**WHAT THE TASK ASKS:** Every line below needs to be transcribed without alteration, and no image may be carried over.

----

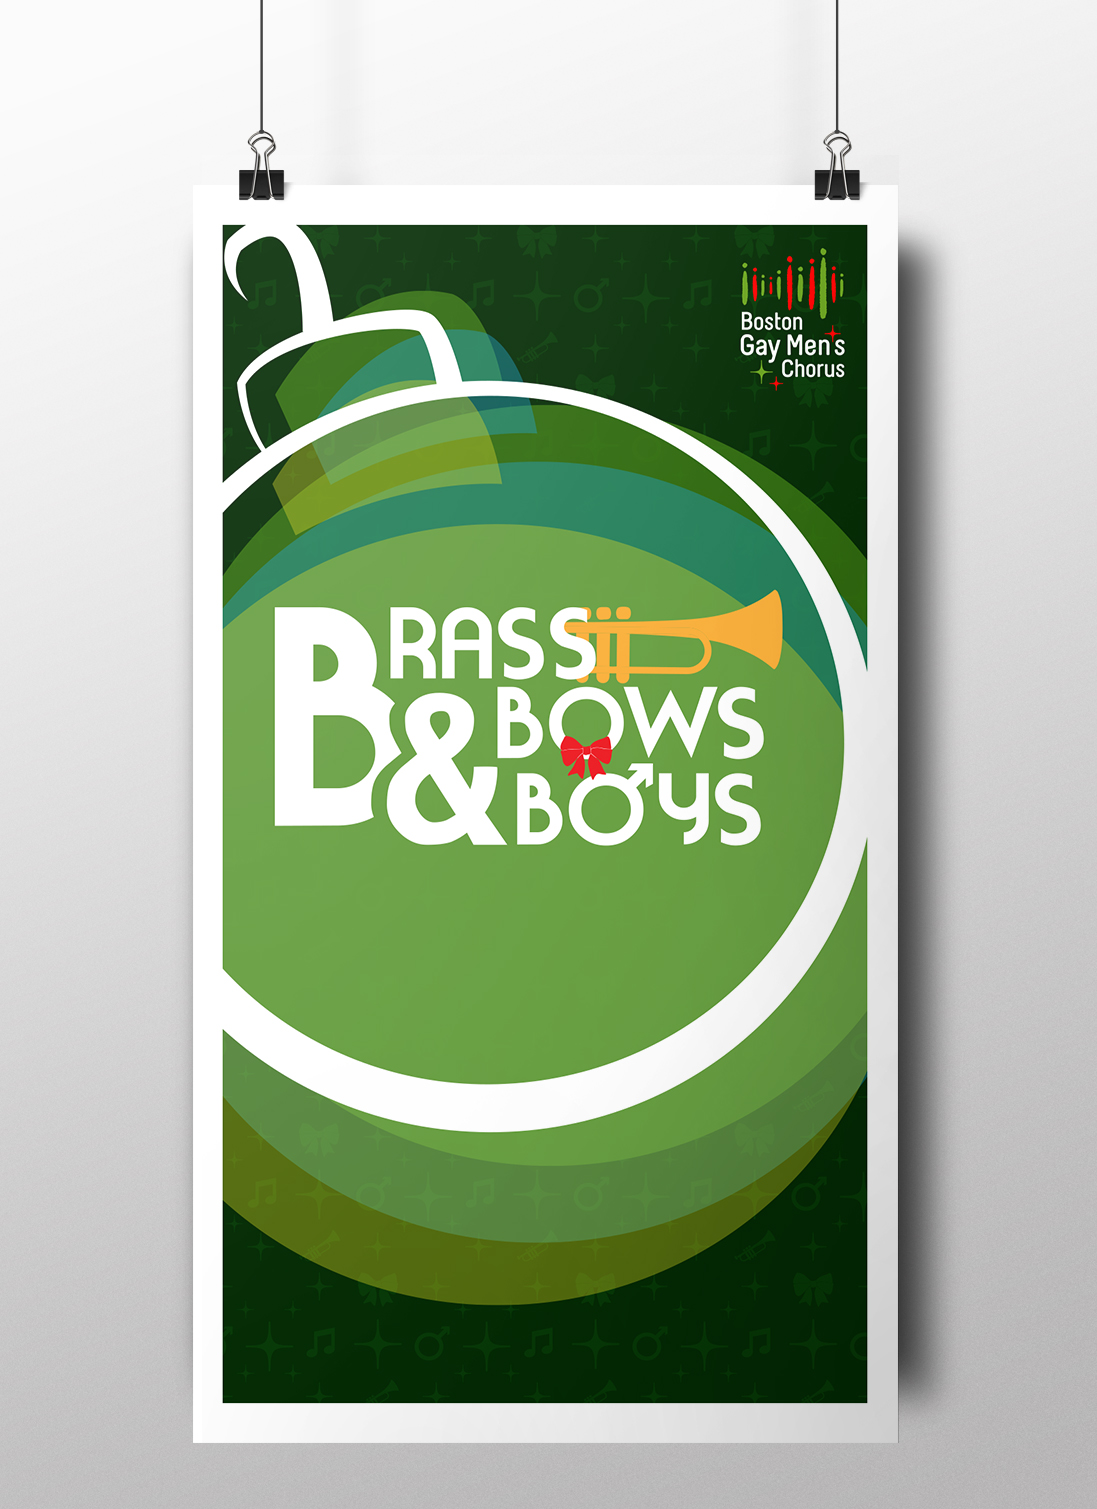 Brass & Bows & Boys_Boston Gay Mens Chorus_WEB.jpg
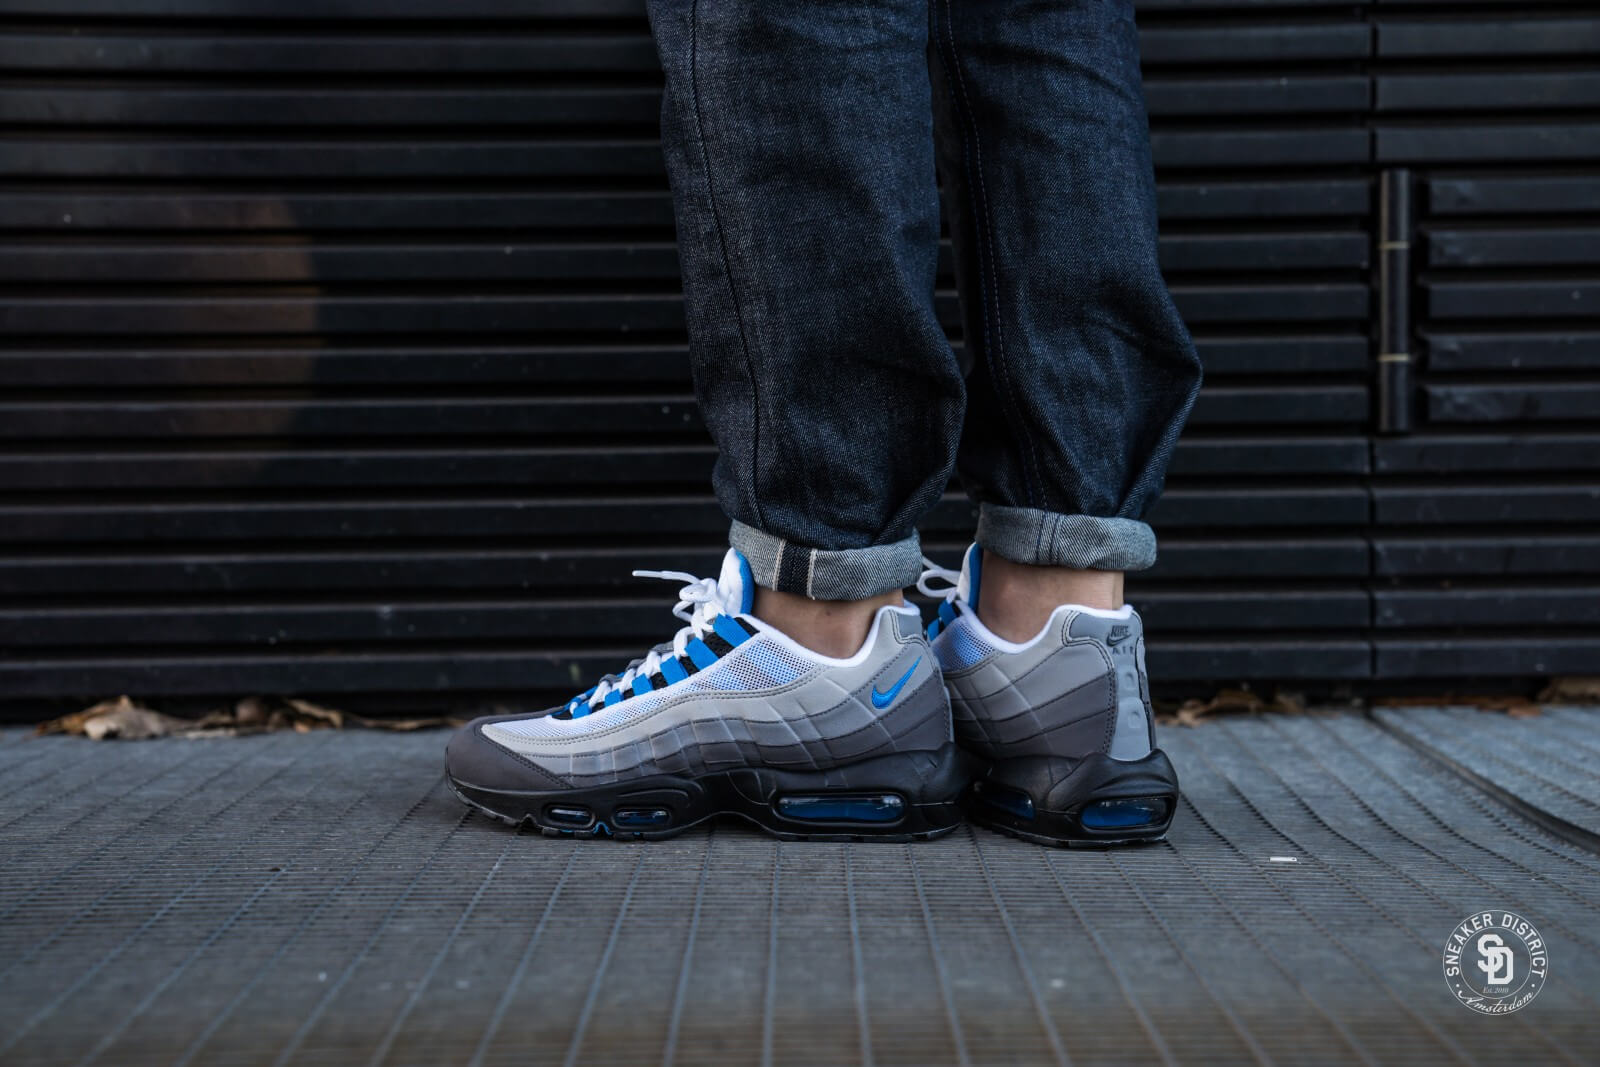 air max 95 white and blue
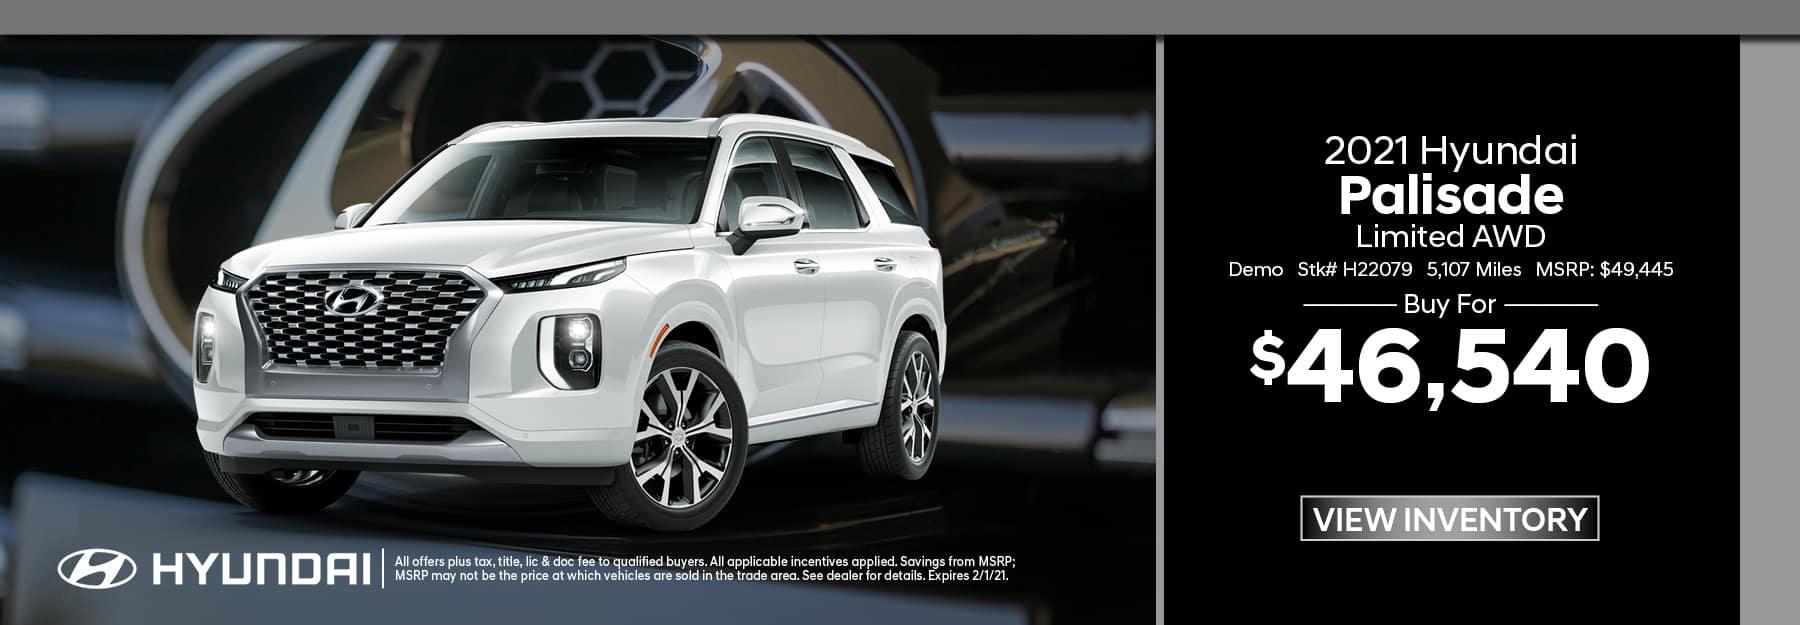 2021 Hyundai Palisade Demo
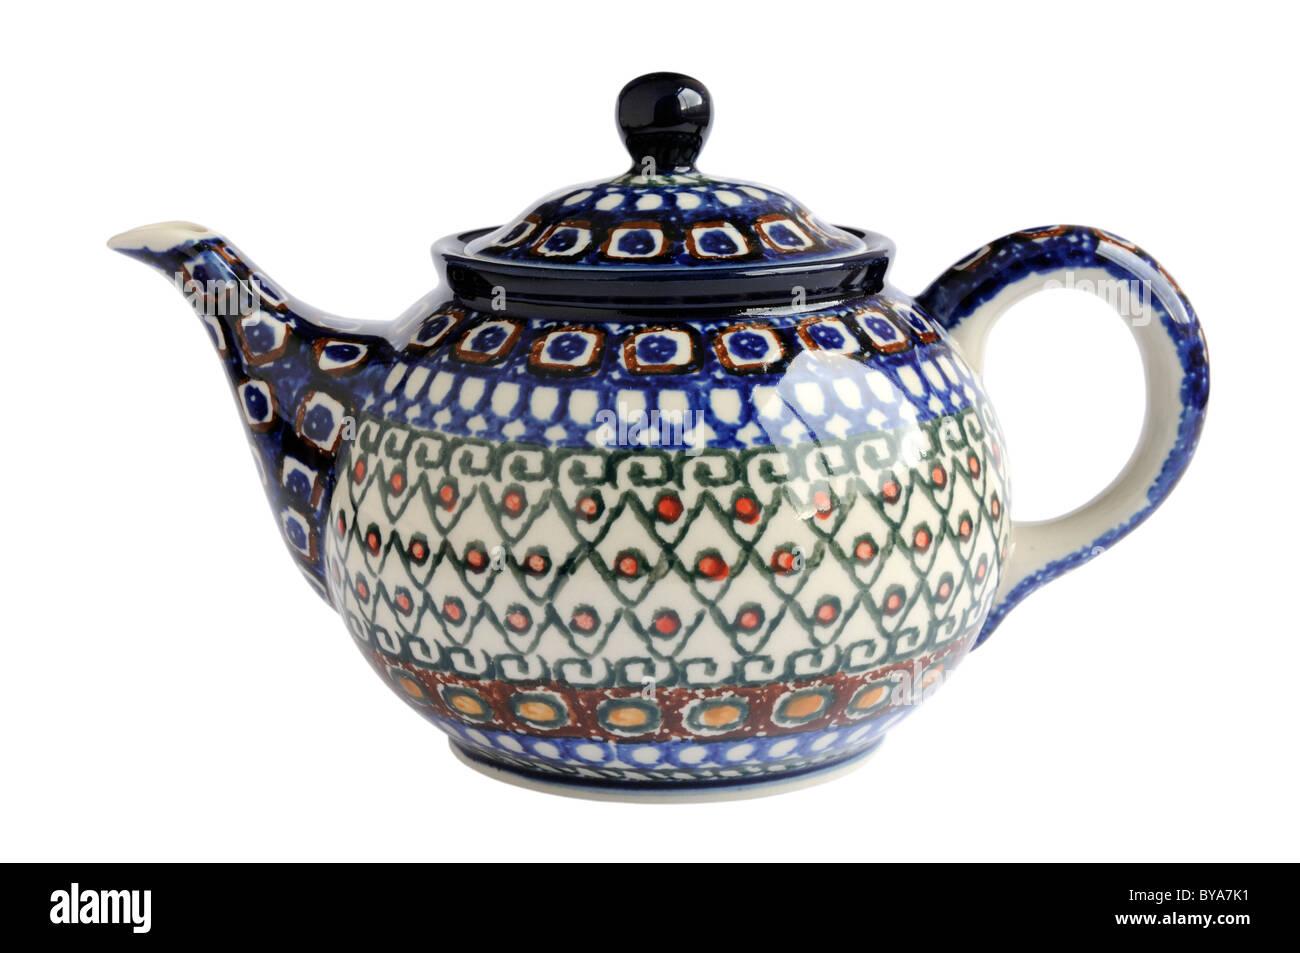 Handmade Polish pottery teapot  sc 1 st  Alamy & Handmade Polish pottery teapot Stock Photo: 34031621 - Alamy
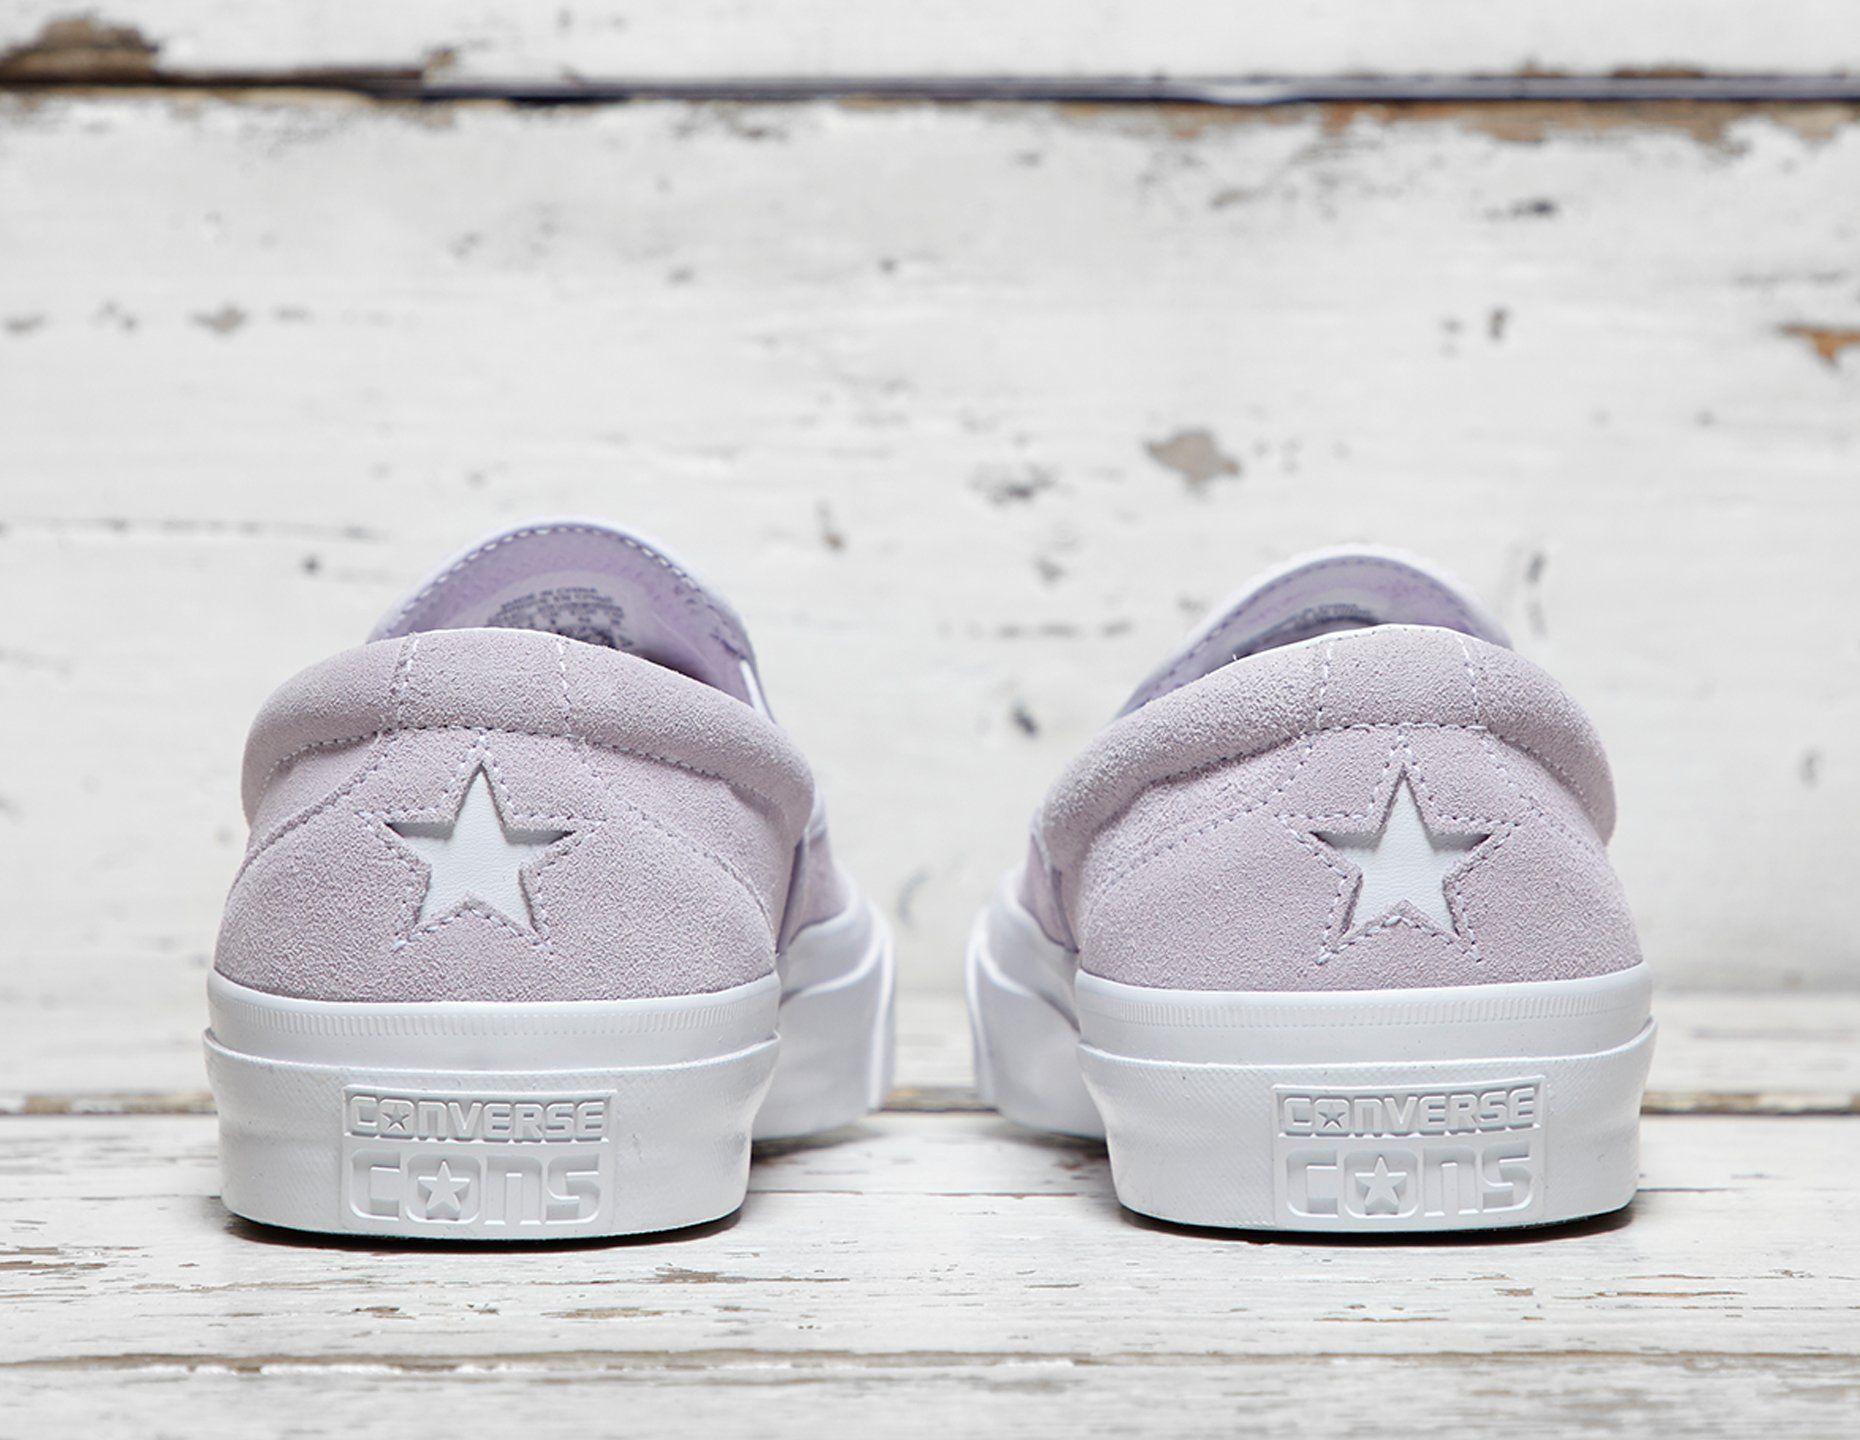 Converse One Star CC Slip-On

----

**RESPONSE TO THE TASK:**
 Brass & Bows & Boys_Boston Gay Mens Chorus_WEB.jpg
 air max 95 white and blue
 2021 Hyundai Palisade Demo
 Handmade Polish pottery teapot  sc 1 st  Alamy & Handmade Polish pottery teapot Stock Photo: 34031621 - Alamy
 Converse One Star CC Slip-On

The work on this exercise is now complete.